Alors, face à un ensoleillement de plus en plus important, le nord de l'Allemagne va-t-il se muer en une région d'olives, de vins et d'agrumes? Juliane Stein est confiante, tout en notant que les agriculteurs vont devoir s'adapter pour survivre à ce type d'épisodes météorologiques.

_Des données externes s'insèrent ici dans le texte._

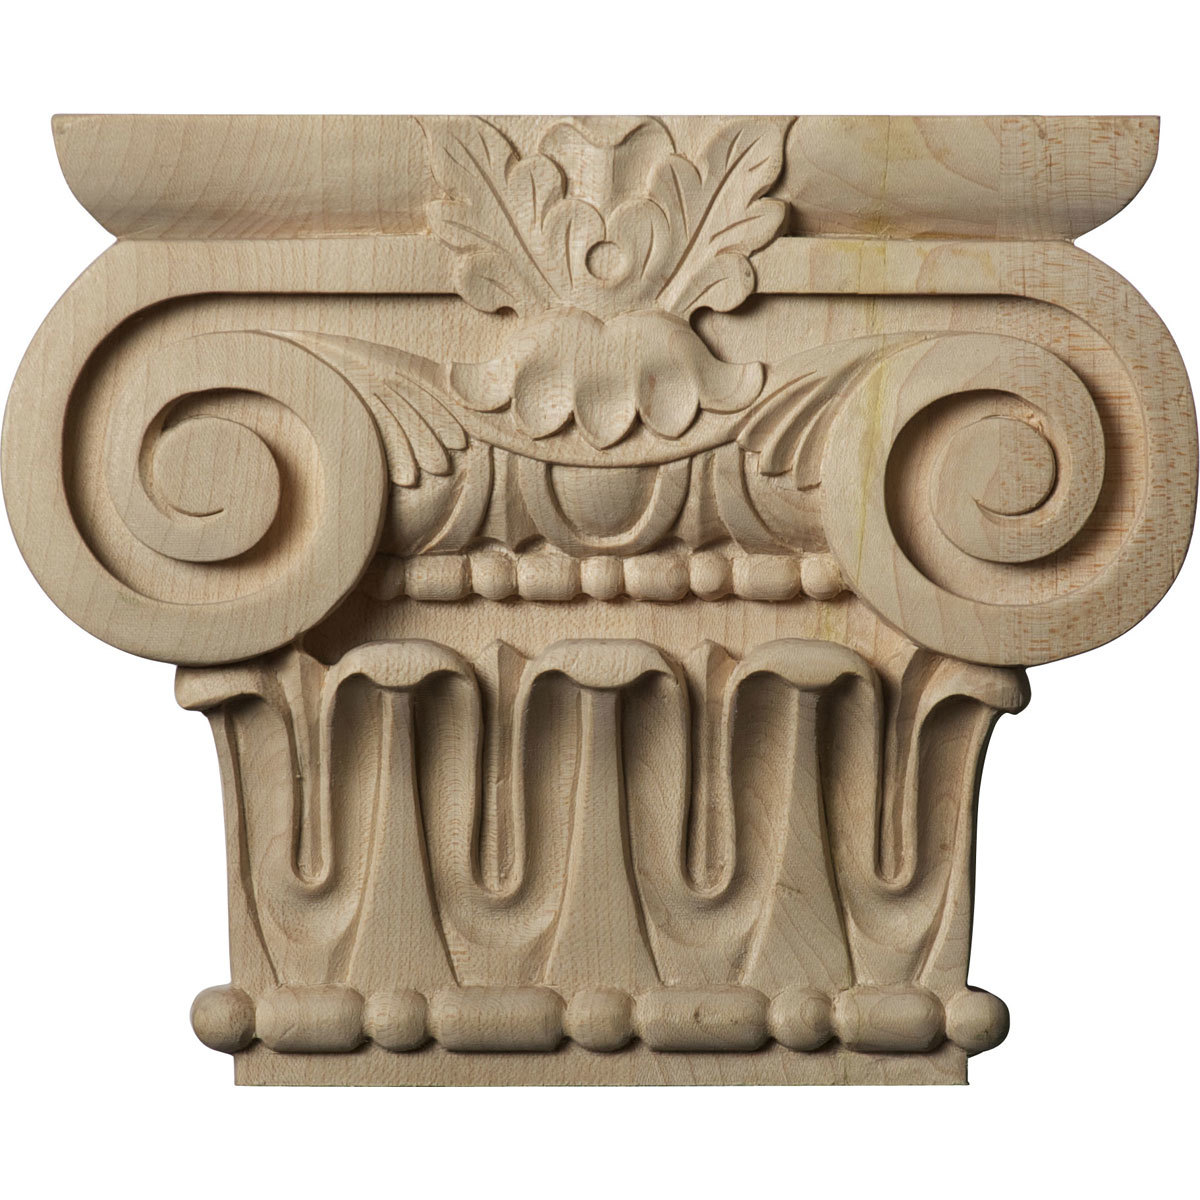 Primary image for 7"W x 3 7/8"BW x 2"D x 5 5/8"H Small Bradford Roman Ionic Capital (Fits Pilaster

Pour améliorer la germination, ils utilisent déjà l'agriculture sans labour et le paillis, une méthode qui consiste à poser une couche de matériau protecteur sur le sol, principalement dans le but de modifier les effets du climat local. Sans compter la sélection des semences, la mutagénèse, qui permet de développer des cultures plus résistantes à la chaleur, même si cette dernière solution risque d'être freinée : la Cour européenne de justice a jugé mercredi que les semences qui en étaient issues étaient des OGM et doivent à ce titre être soumises aux mêmes règles et précautions contraignantes.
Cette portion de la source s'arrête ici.